Bendback is right, it is a threadfin.

http://en.wikipedia.org/wiki/Threadfin_shad

http://en.wikipedia.org/wiki/Lake_Hancock


----------



## firecat1981

After looking at multiple pictures I'm leaning towards threadfin shad too now, not that it really matters since I can't do much with them. It really is amazing how much life there is in this lake. I know it's mostly shad and tilapia, but everywhere we went things were hoppin.

Some locals told us to nail the throttle and look behind us, we did and there were shad jumping out of the water by the hundreds! It was a cool sight to see. I am looking foward to going back for some catfish and maybe trying for some tilapia.


----------



## Snookdaddy

*Quote: There are tilapia, shad, and catfish by the ton. From what I read a while back, before the freeze a few years ago, the commercial fishermen going for tilapia were getting up to 35,000lbs a day at one point . That's impressive numbers, hopefully the lake bounces back quickly. *    

     This is exactly the reason my family and I do not knowingly eat Tilapia (Nile Perch)...  I know for a fact that most seafood stores and probably a good number of seafood restaurants sell these fish to unsuspecting consumers... Often masked a a "Grouper Sandwich" or "farm raised" Tilapia..  I see a lot of commercial fisherman with Jon Boats pulling into Lakeland Seafood on a daily basis selling their tilapia and most of them are caught from some very unsavory lakes in the area.  I do not want to eat a fish from a lake that I wouldn't feel comfortable swimming in...  
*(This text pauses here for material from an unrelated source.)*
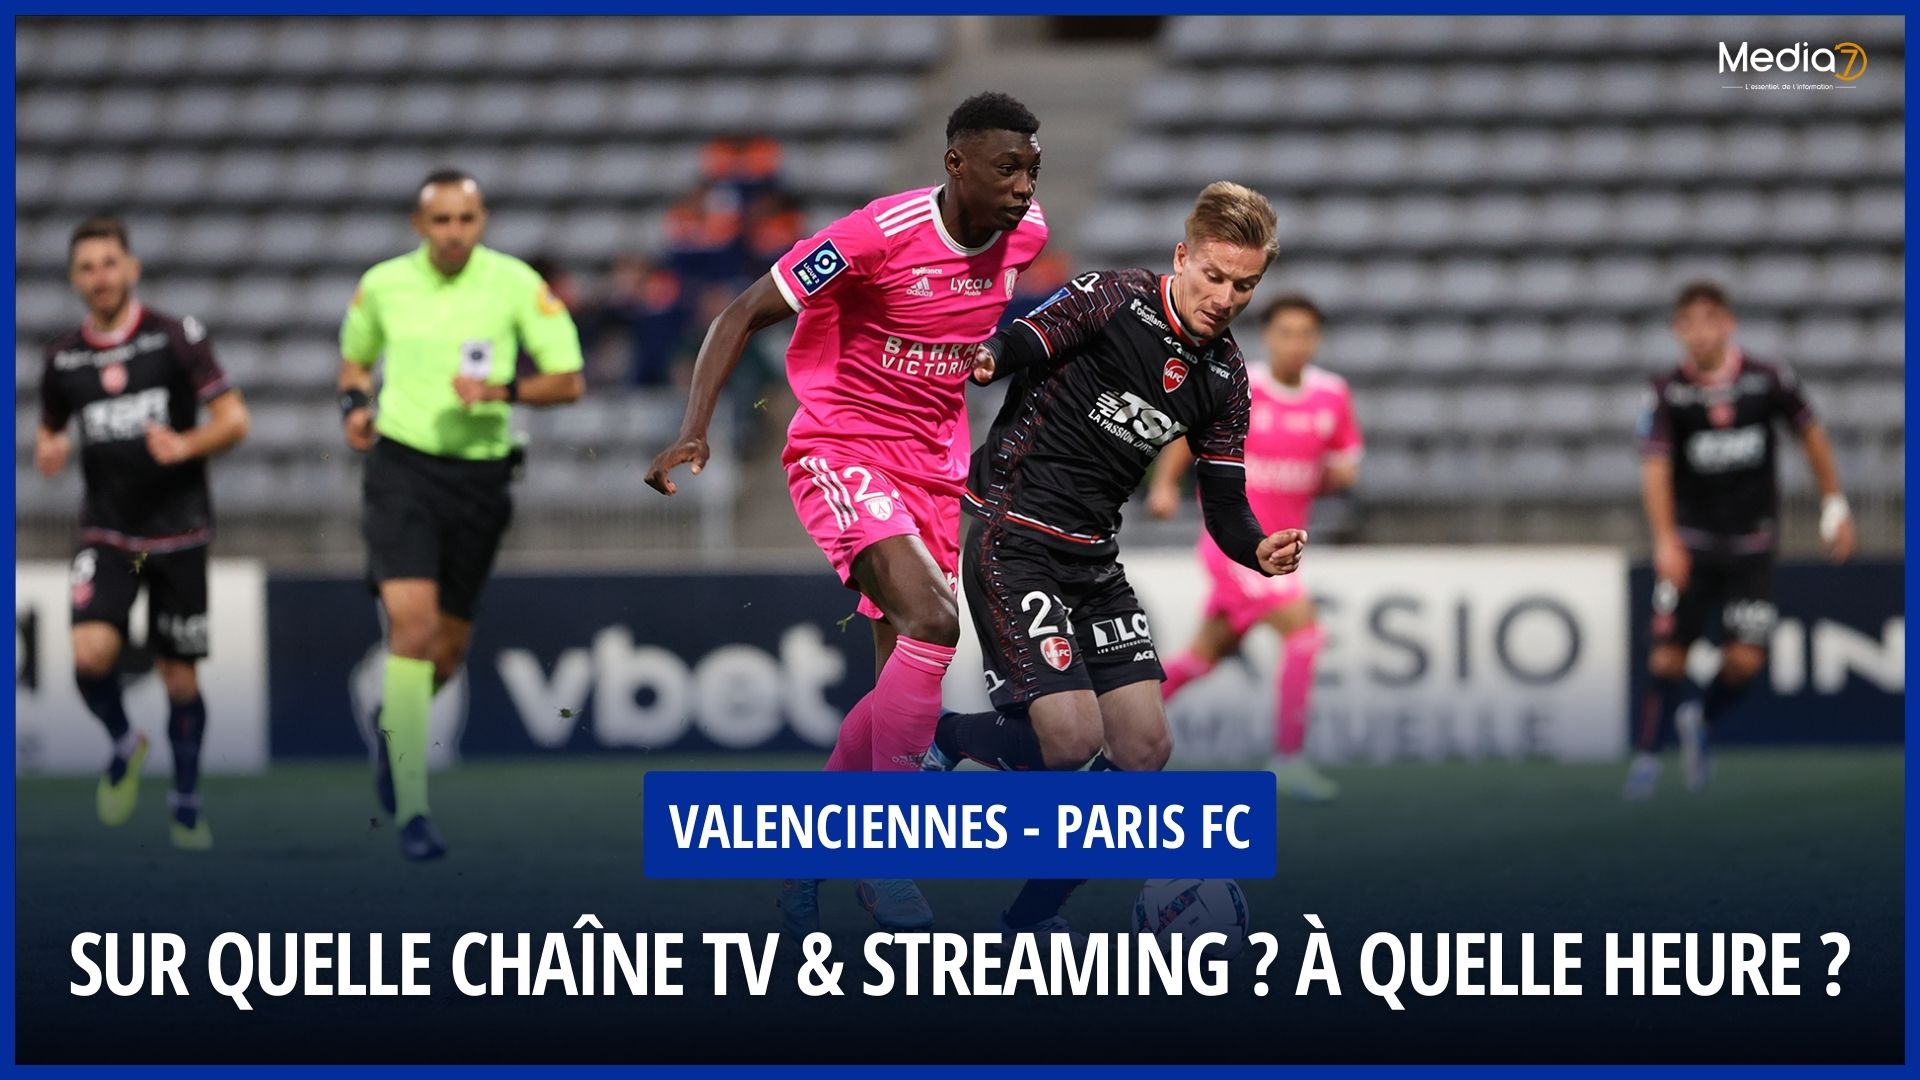 Valenciennes - Paris FC match live: On which TV & streaming channel? At what time ? - Media7

     Look up the meaning of eutrophication and you'll see what caused the condition...  Nitrogen, Phosphorus and even Human Waste from sewage plants in amounts greater than the body of water can handle...  

     Firecat, I seriously would not eat anything out of Lake Hancock... In fact, I wouldn't even put my boat in that lake...  If you fry up a mess a catfish and it tastes like human waste, you'll know why...

Lake Hancock is a s*%t hole that has been in bad shape for the last 35 years and will never "come back"... 

I'm not biased tilapia either... You ought to see where some of the blue crab comes from in Tampa Bay... 

Just my 2 cents...


----------



## DuckNut

Look across the street (Winter Lake Rd) and what do you see? The county landfill. And behind that out of sight? The sewage treatment plant. Both are on the shoreline of the Peace River and where do you think the goodies are flowing too?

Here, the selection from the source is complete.